> **Task to carry out**
Your answer must be the full listing below, repeated exactly, with no pictures in it.

> **The data**
****************
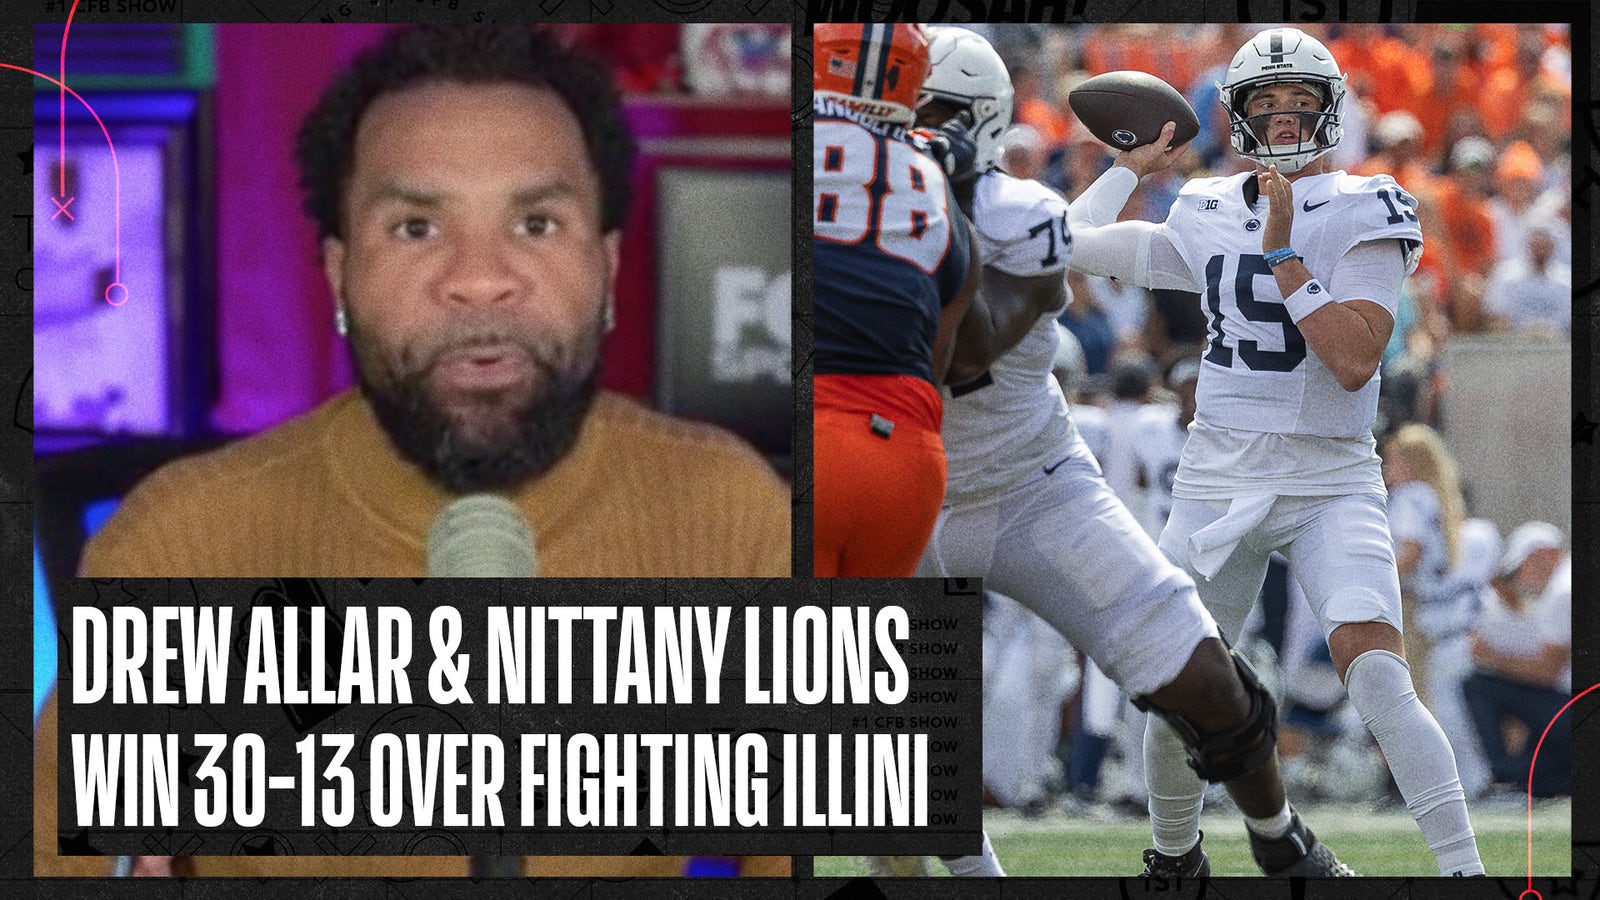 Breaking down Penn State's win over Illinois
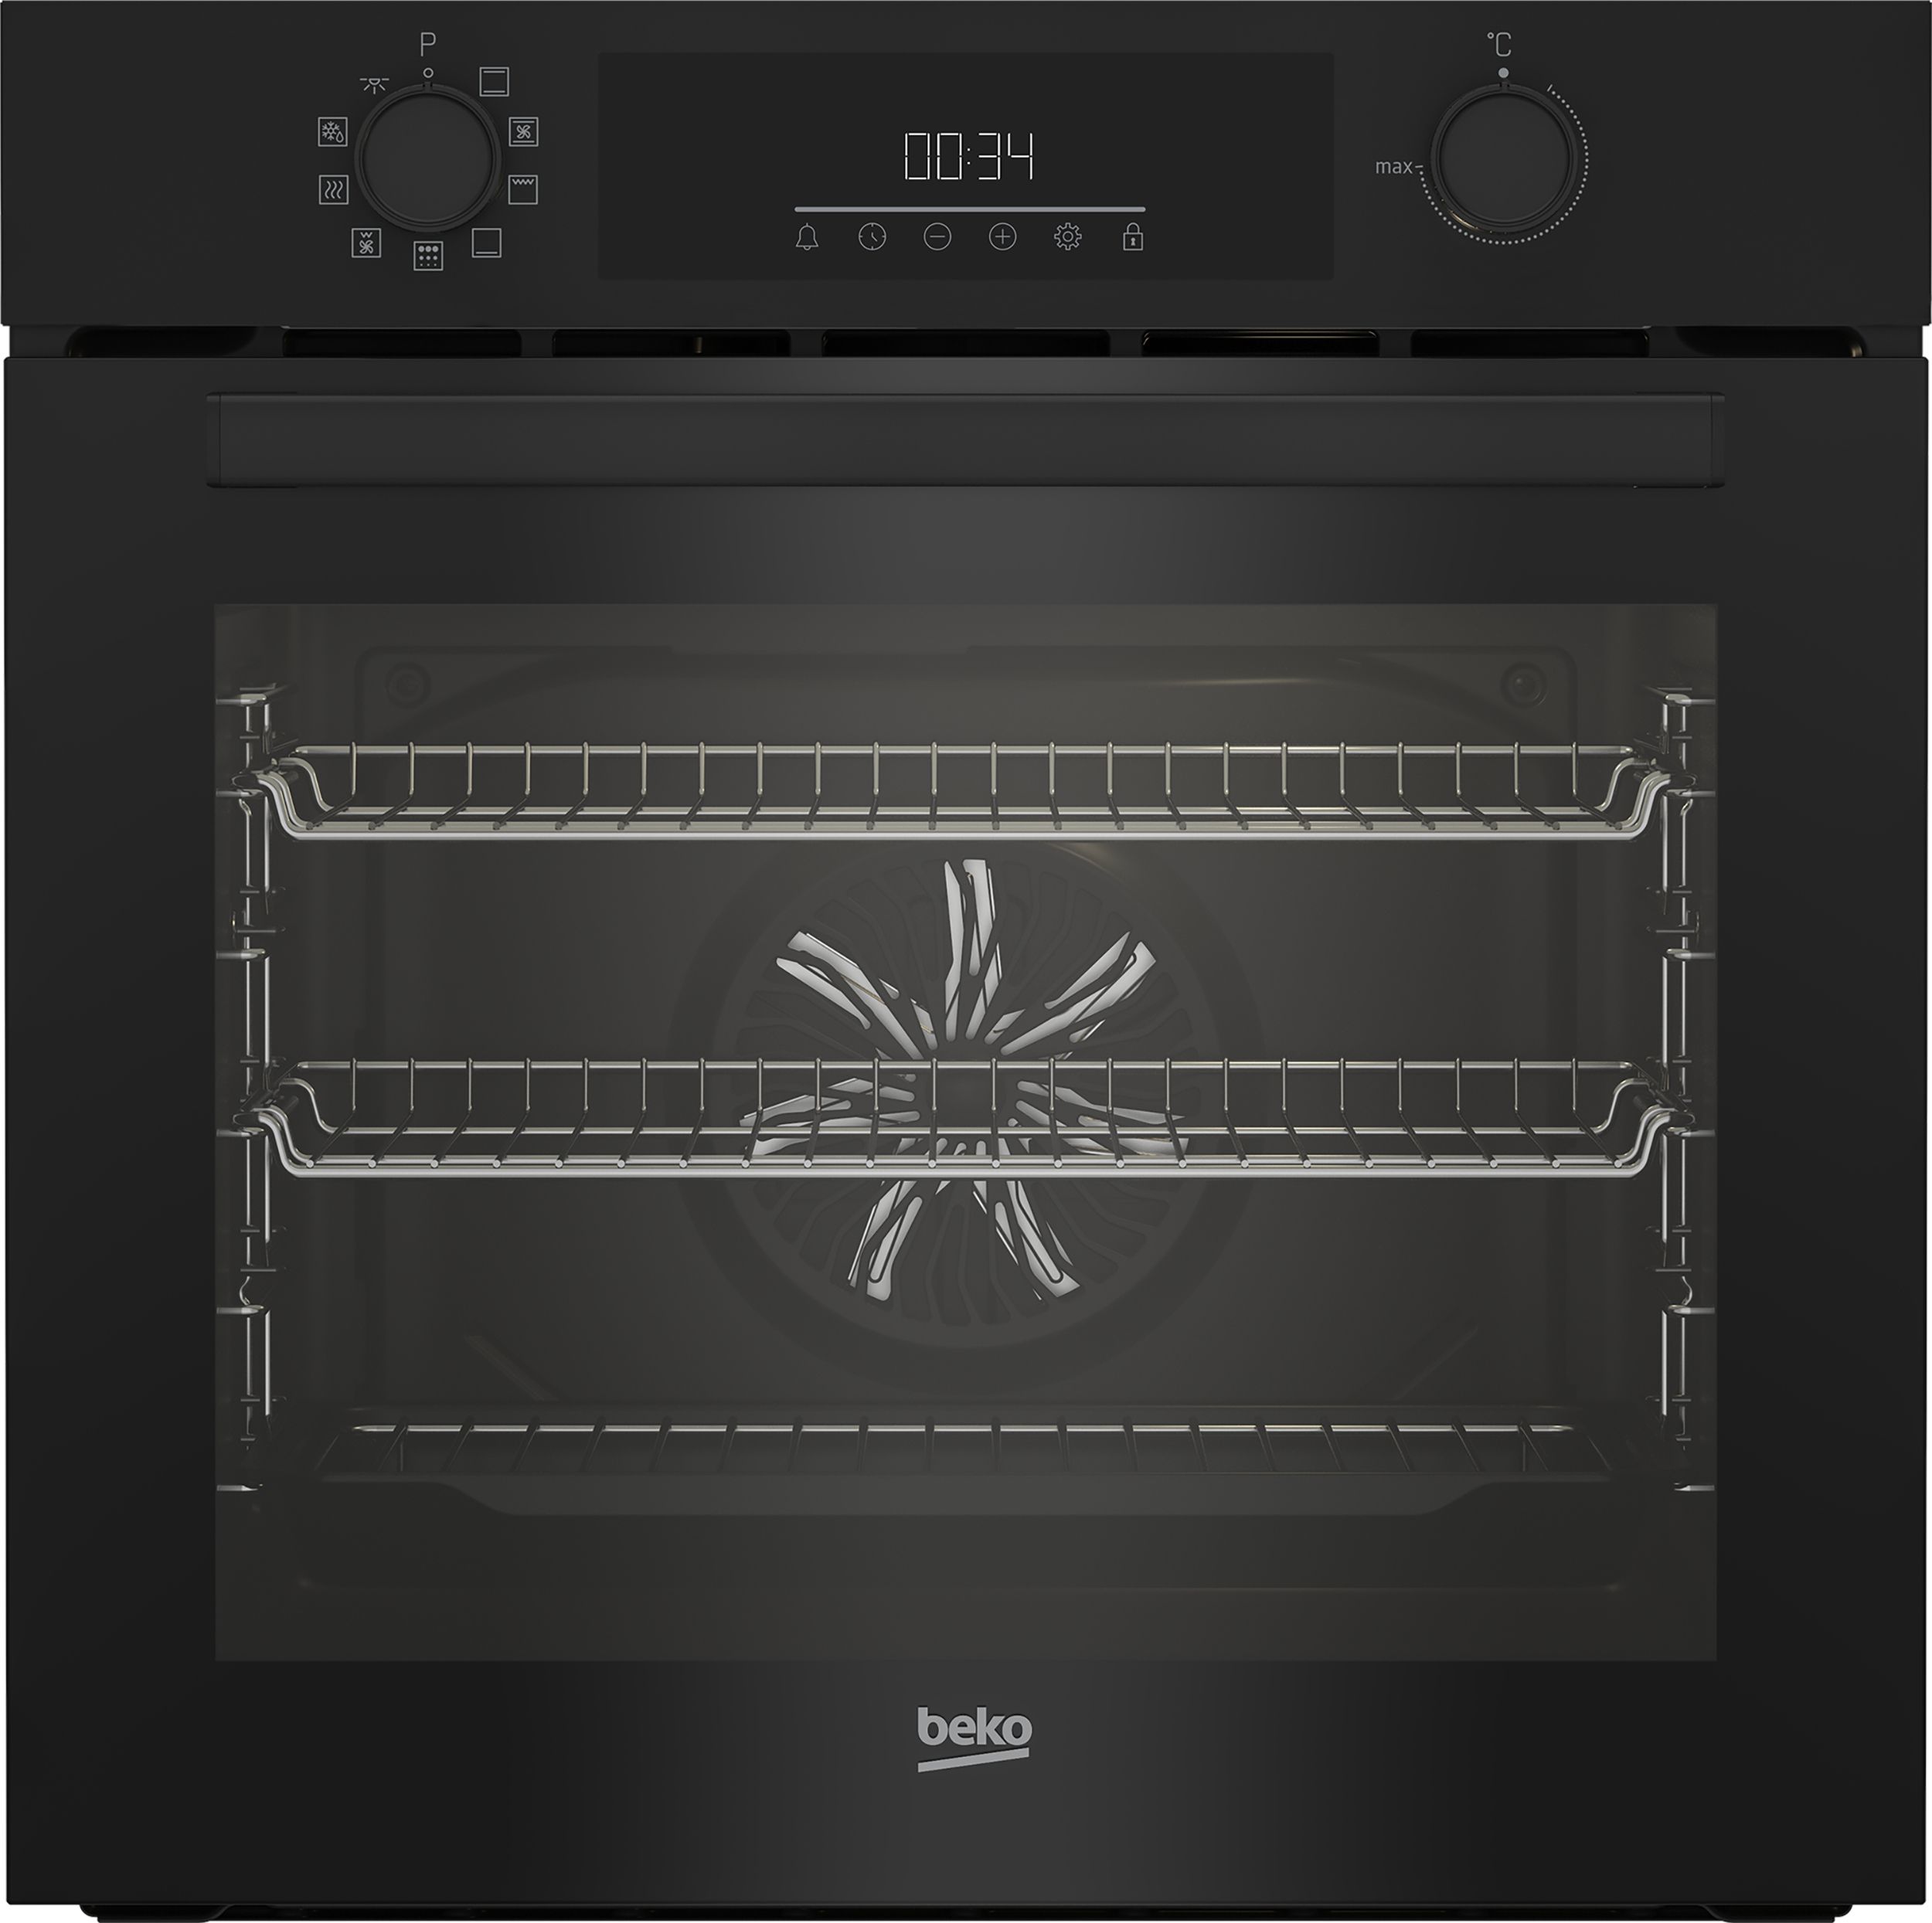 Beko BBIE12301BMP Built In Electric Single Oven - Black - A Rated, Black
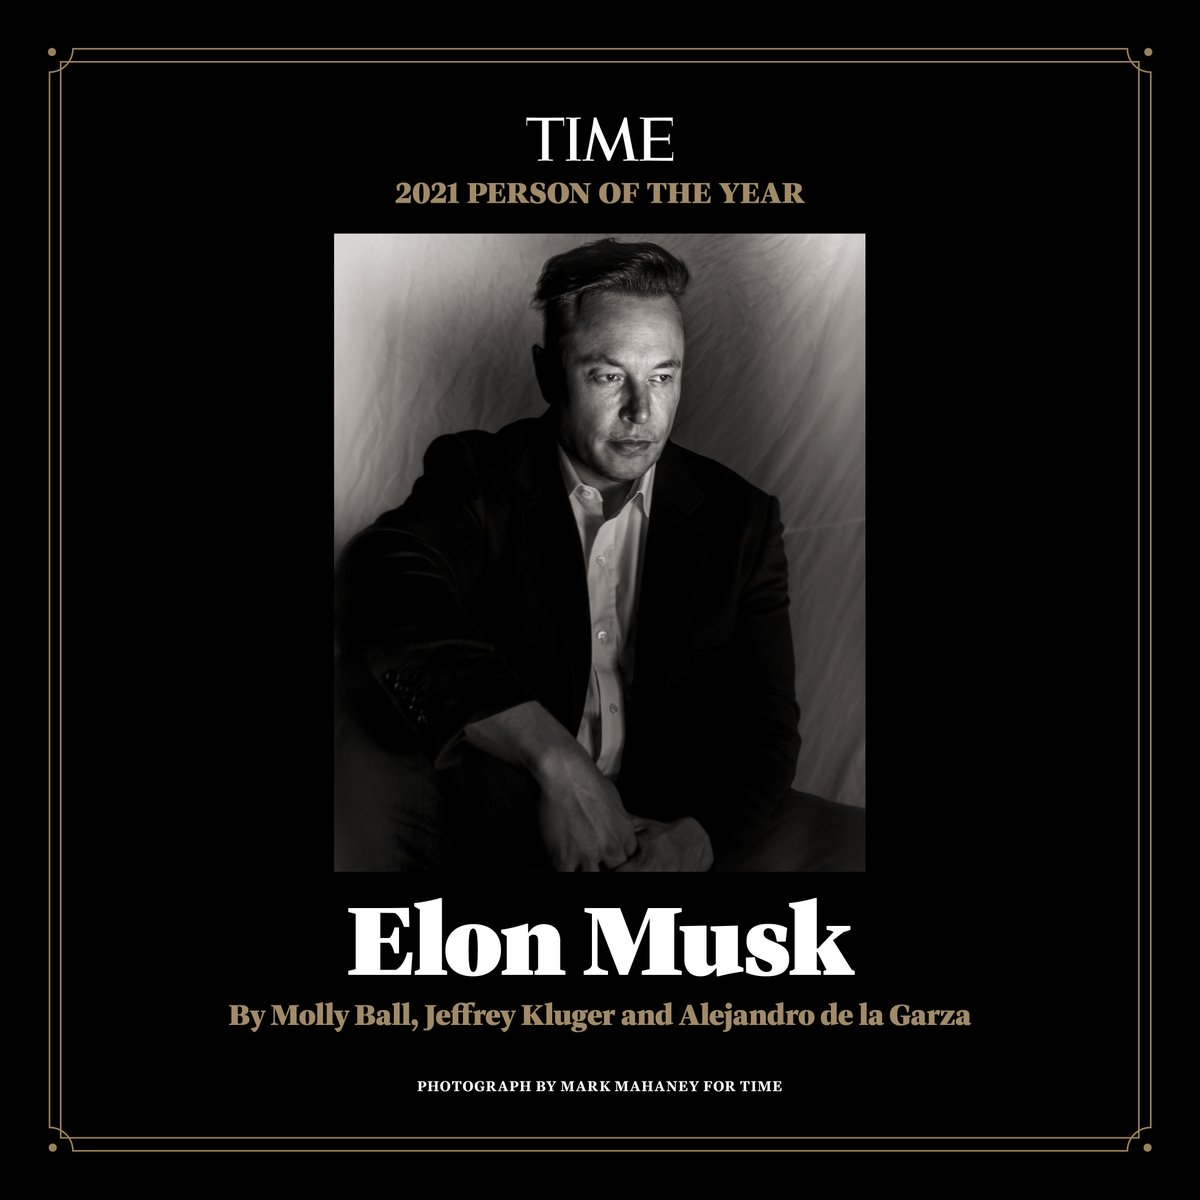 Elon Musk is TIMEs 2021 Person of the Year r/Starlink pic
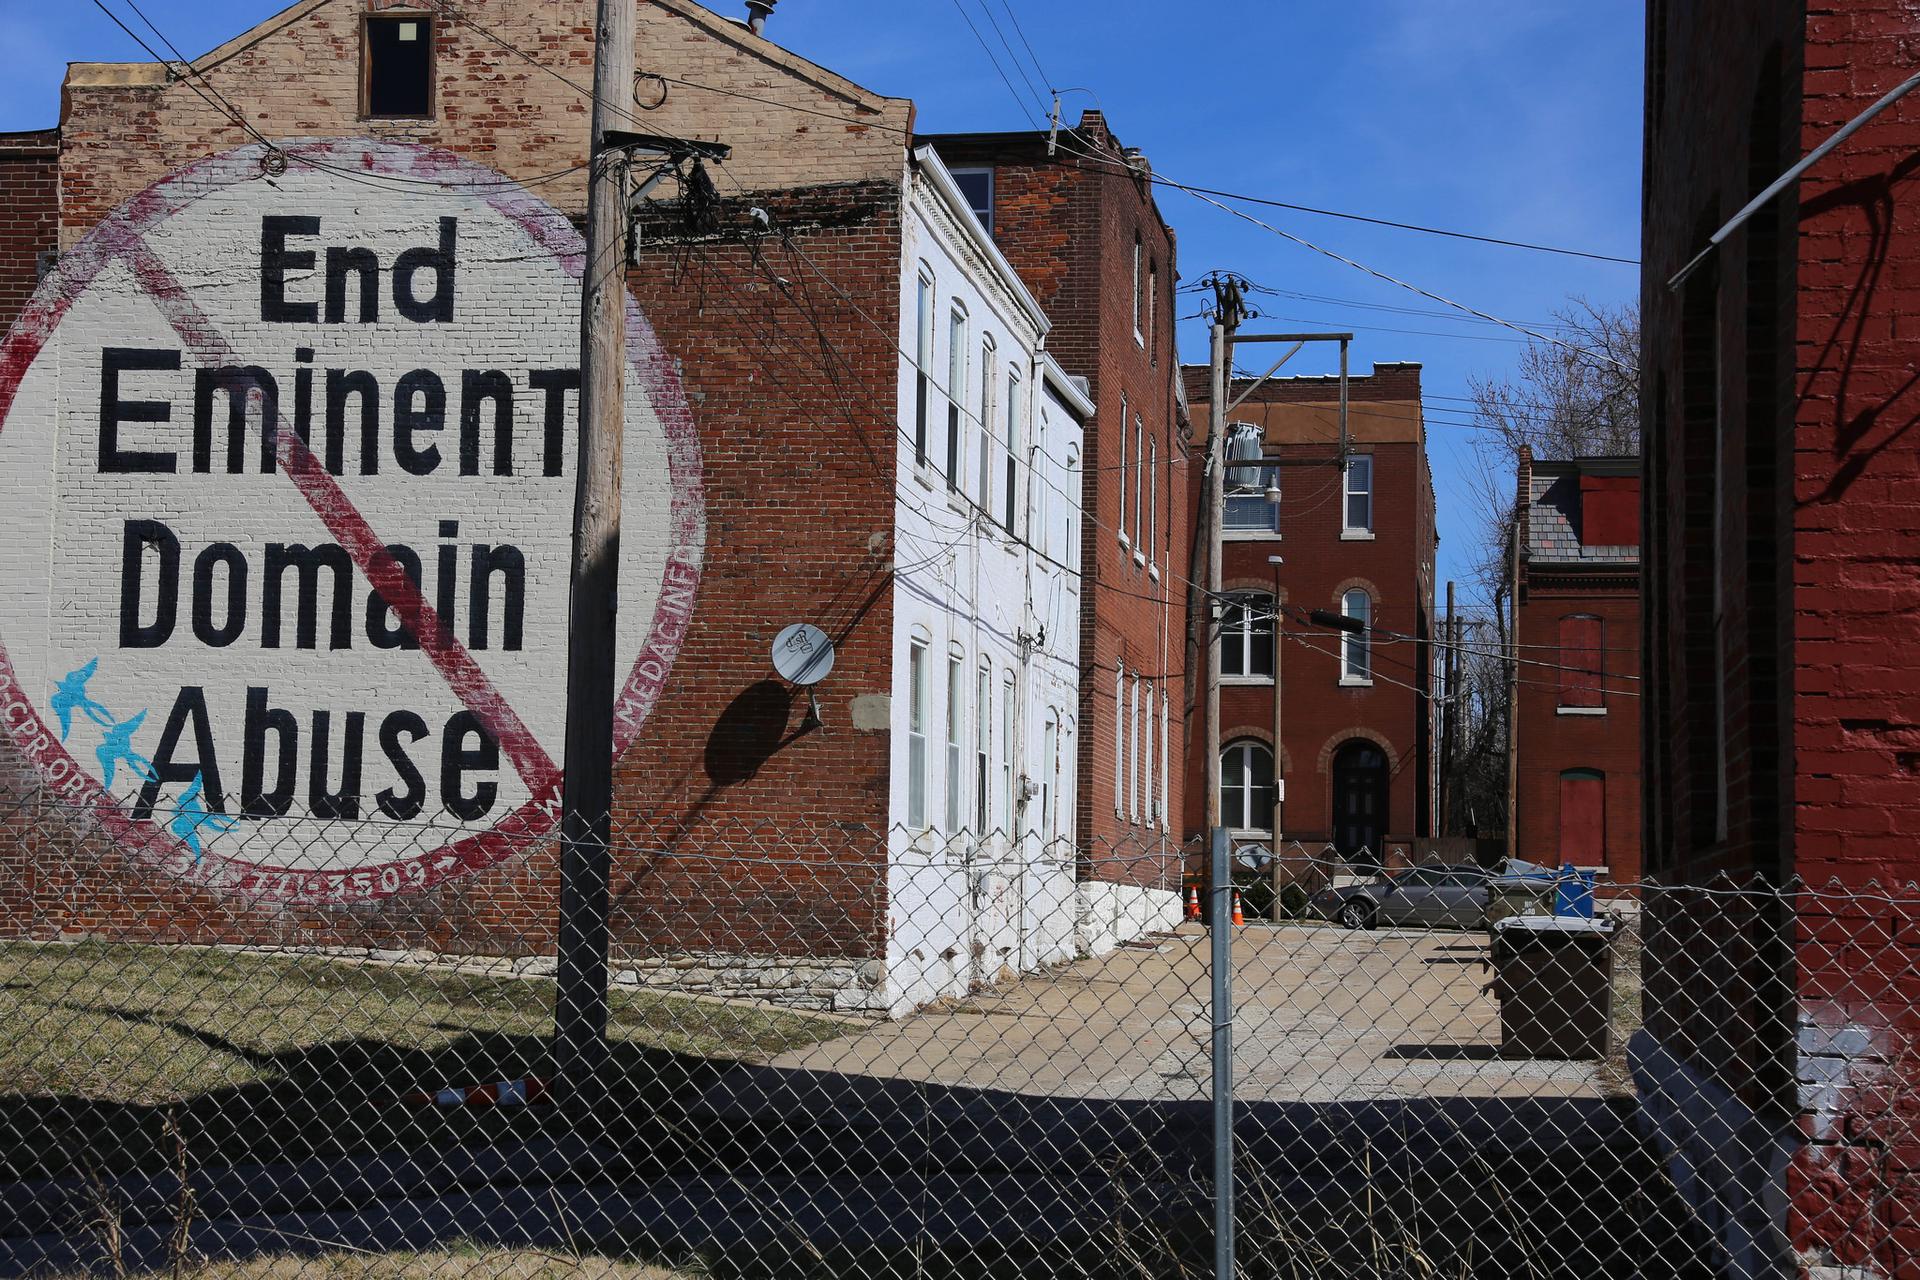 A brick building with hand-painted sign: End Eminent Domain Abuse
****************
> **Solution for this task**
 Breaking down Penn State's win over Illinois
 Beko BBIE12301BMP Built In Electric Single Oven - Black - A Rated, Black
 Elon Musk is TIMEs 2021 Person of the Year r/Starlink pic
 A brick building with hand-painted sign: End Eminent Domain Abuse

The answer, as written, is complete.